And so it continues…

[another in my growing series of discussions of Shakespeare in my long-term substitute teaching classroom… if you’re looking for The Tempest, sorry… give me a couple more weeks… sorry]

So another week, another #getthemoutoftheirdesks activity. This time, we’re going to a funeral!

There’s a great exercise from Creative Shakespeare: The Globe Education Guide to Practical Shakespeare, from the folks over at Shakespeare’s Globe in London, that I can’t wait to try out.

Back in Shakespeare’s day, actors were not given full scripts. They did not know and could not read their scene-partners’ scripts and lines. Parchment and paper was at such a premium that all the actors had were cue scripts, which would include their speeches, and the three-to four words that led up to them.

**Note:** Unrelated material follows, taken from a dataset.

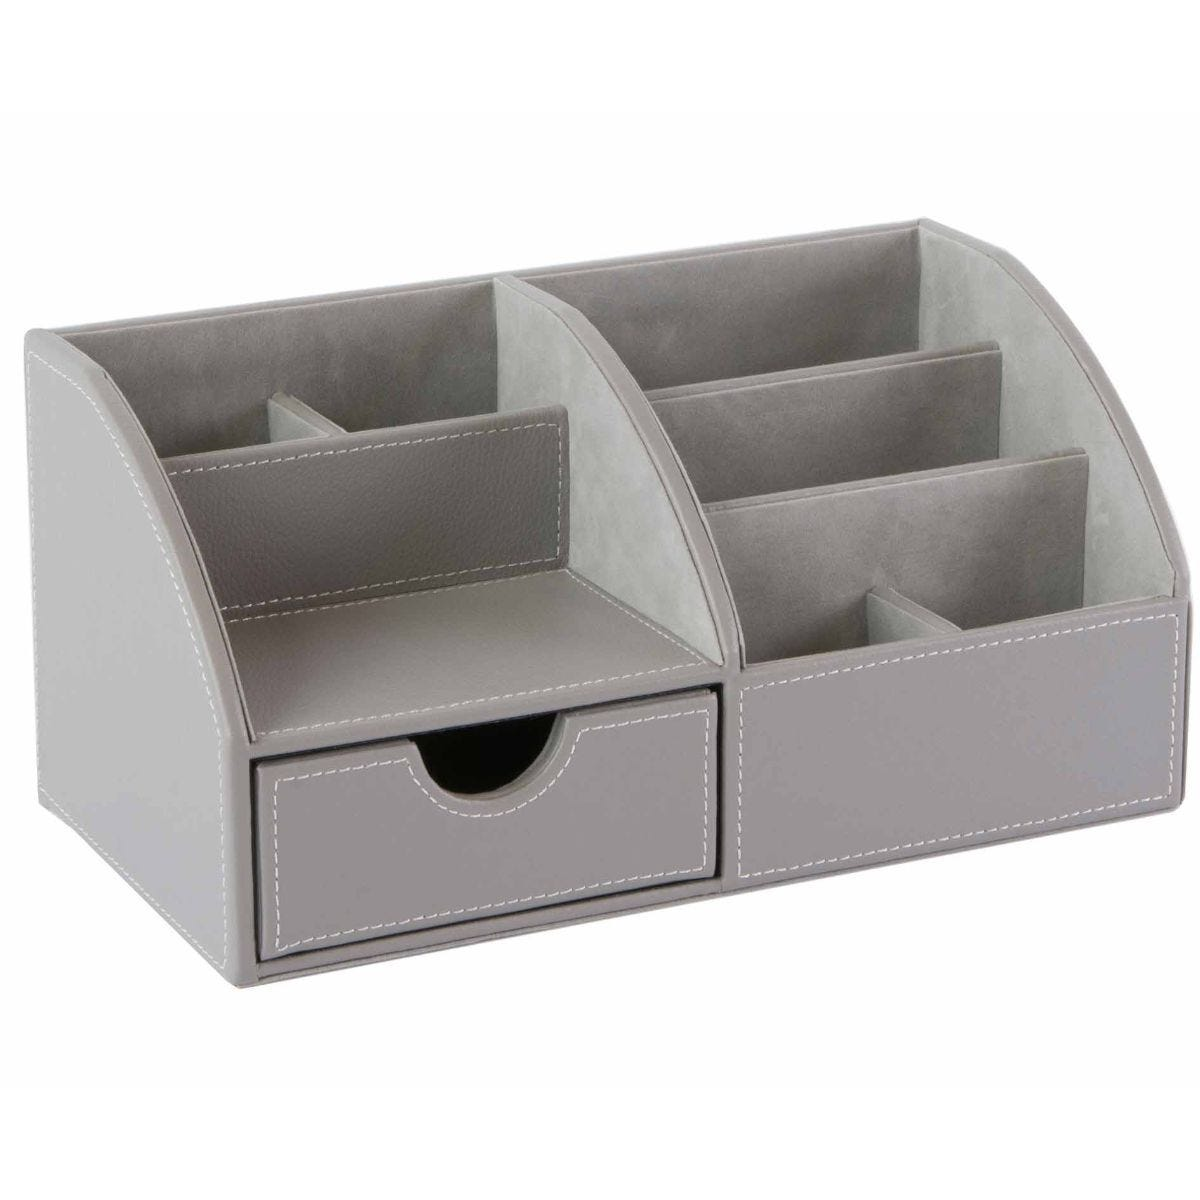 Osco Desk Organiser Grey Faux Leather
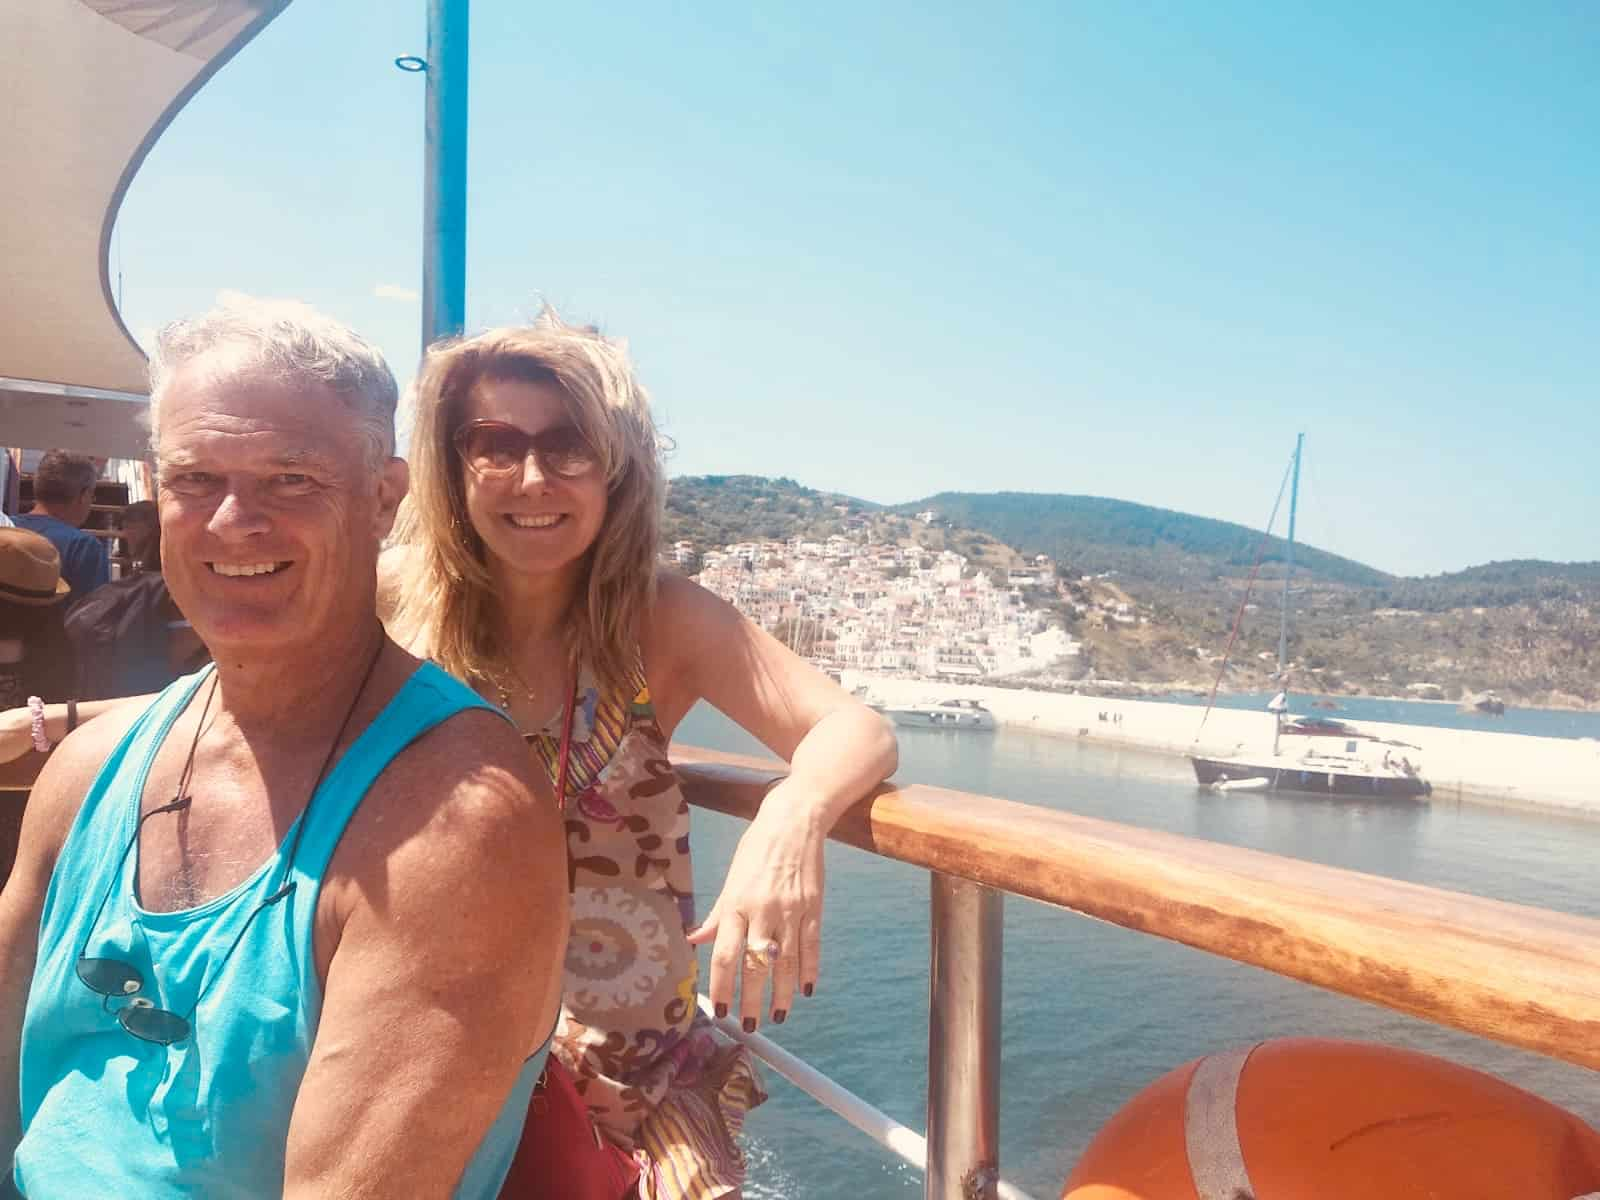 On the Greek ferry between Skiathos and Skopelos.

So the rehearsal process was first a listening one…and since acting (at least modern, if not Elizabethan) is about reaction as much as it is about action, this is a great lesson for the students to learn as they try to break down the scene.

So exercise focuses on the middle section of the funeral oration: it begins with Antony’s introduction of Caesar’s will, his second prop for his funeral oration; it ends with him beginning to reveal and talk in detail about the first prop (Caesar’s corpse, of course). There are parts for Antony, four separate citizens, and “all” citizens.

I’ll hand out the parts with only Antony as a volunteer, the rest random. Before we head out to our playroom (thank goodness for the empty classroom across campus), we’ll do a first, rough read-through just to get a feel for it (and for “everyone” to realize they need to pay attention, too).

When we get to the room, we’ll run through the scene a couple of times. I’ll urge the “all” students not to even attempt to say their parts in unison. As part of a mob, verbal chaos is a good thing.

As we get further into the one-hour rehearsal “process,” we’ll talk more about and implement stage movement based on the clues we get from the stage directions. And in the final rehearsals, I’ll give them an idea of stage and audience awareness.

What I’m hoping they get out of the lesson is three-fold: a rough idea of the Elizabethan rehearsal process; a sense of stage and audience awareness; and a feel for how chaotic the scene would have felt. As a follow-up, we’ll discuss Antony’s masterful use of language to manipulate this unruly mob: he never controls them completely, but he is able to turn their destructive power toward the conspirators.

I can’t wait to do this.

But first, we need to kill Caesar. We’ll act that out tomorrow. And for that, I’m going to try something. Each character will be played by two students: one to read the part, the other to physicalize it. I have no idea if this will work or not… It may work just fine, or it may totally crash and burn. I’ll let you know.